La Malaisie continue à manifester contre l’usine de terres rares de Lynas
Par Aude le jeudi, 17 juillet, 2014, 04h18 - Malaisie et Indonésie - Lien permanent
Ils sont venus de toute la péninsule ce 22 juin, pour continuer à faire de l’usine Lynas de terres rares le plus gros dossier environnemental en Malaisie. 1,2 million de signatures ont été recueillies contre le projet, dans un pays de 30 millions d’habitants. Lynas concentre toutes les frustrations contre un gouvernement au pouvoir depuis l’indépendance et qui ne cède rien, en dépit d’accusations de corruption et de mauvaise gestion.
En mars 2010, les Malaisiens apprennent dans le New York Times l’installation d’une usine australienne de traitement de terres rares à Kuantan, dans l’état de Pahang, sur la côte est de la péninsule. Tout a été vite expédié entre le gouvernement et Lynas, un acteur relativement petit à l’échelle internationale, mais qui a le projet d’ouvrir l’une des plus grosses usines au monde. Les études d’impact environnemental ont été approuvées en quelques semaines, le gouvernement fait cadeau de dix ans de contributions fiscales, les travaux peuvent commencer. C’est alors que commence une mobilisation résolue et organisée, menée par deux grandes organisations : Himpunan Hijau (rencontre verte, en malais) pour la mobilisation de terrain et Stop Lynas, Save Malaysia qui mène une guérilla administrative et juridique.

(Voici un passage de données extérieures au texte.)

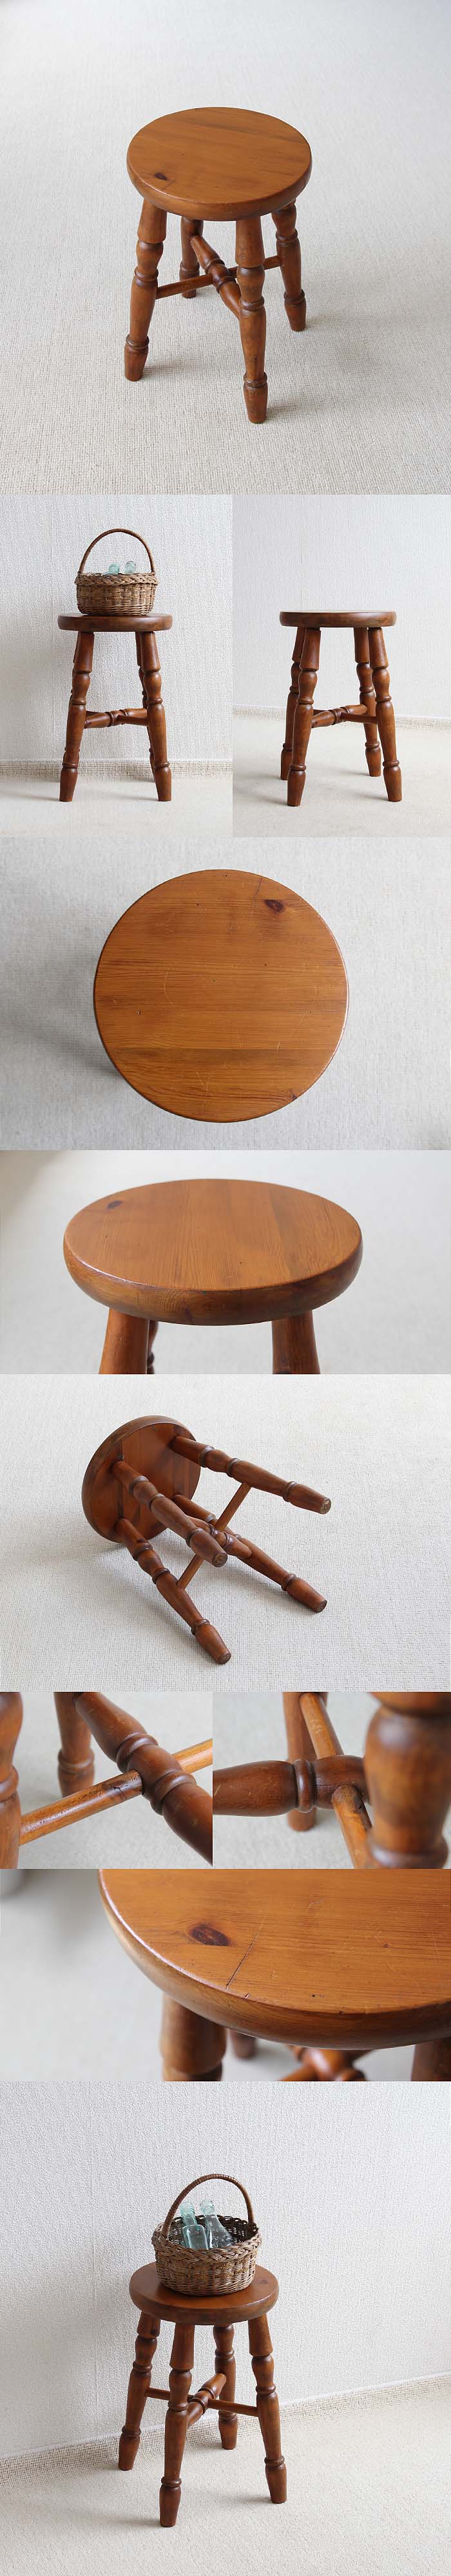 イギリス アンティーク オールドパインスツール 木製 椅子 飾り台 カントリー 家具 V-310

Photo : Le 22 juin devant l’usine de Lynas à Kuantan.
Une lutte très politisée
Début 2012, la lutte contre Lynas s’entremêle avec le mouvement Bersih, qui demande des élections transparentes et des modifications du système électoral. Aucun lien entre les deux sujets, mais le ras-le-bol est le même, confirme le membre de l’assemblée législative de Pahang Lee Chean Chung, jeune Chinois élu après des années au service d’Himpunan Hijau.
Photo : Lee Chean Chung dans le zone industrielle de Kuantan.
La répression violente des manifestations de Bersih à Kuala Lumpur (KL) fait l’objet d’un mouvement d’opinion favorable aux manifestants et qui nourrit l’opposition à Lynas. La mobilisation connaît alors un pic le 26 février, avec manifestation de 5000 personnes sur le site et rassemblements décentralisés dans les grandes villes du pays. Shervin, une étudiante chinoise de KL, était devant l’usine ce jour-là : « C’était un rassemblement très pacifique, à notre grande surprise. L’armée était peu présente et nous a simplement regardé défiler, sans sortir les gaz. Il y avait beaucoup de pression de la part du peuple et des média internationaux. »
Photo Shervin Cheong : Rassemblement du 26 février 2012.
Aujourd’hui le gouvernement a abandonné sa politique de répression et préfère laisser se dérouler les manifestations dans une relative indifférence, entretenue par le silence de médias complaisants. « Nous n’avons pas de société civile très vivante, après 57 ans sans alternance », se désole Chean Chung. Mais devant l’usine Lynas, en ce dimanche 22 juin 2014, elle est à son plus fort. Financée par une levée de fonds populaire, annoncée sous le slogan « 622 Shut down Lynas » (fermer Lynas le 22/6), dépassant un peu la sphère d’influence de la minorité chinoise à laquelle le gouvernement tente de la cantonner, la manifestation a été précédée par deux belles initiatives.
Photo : Dans le camp de base, les discours sont conclus par une prière musulmane.
Chen Lin, une jeune Chinoise qui travaille dans l’entreprise familiale, a pris une semaine de congés pour accompagner un tour à vélo lors de ses premières étapes, de KL à Penang, au nord-ouest de la péninsule. L’objectif est de faire connaître la mobilisation en passant par les grandes villes, mais aussi des villages, et de faire parler de Lynas. « J’ai été tellement touchée par les rencontres avec les gens sur la route que j’ai dû continuer le tour. Ma famille m’a soutenue. » Elle a fait les 2800 km en 39 jours, sous un soleil de plomb ou des pluies tropicales, avec un noyau de huit personnes qui s’étoffait au fil des étapes. Et n’est pas peu contente d’être à Kuantan ce dimanche.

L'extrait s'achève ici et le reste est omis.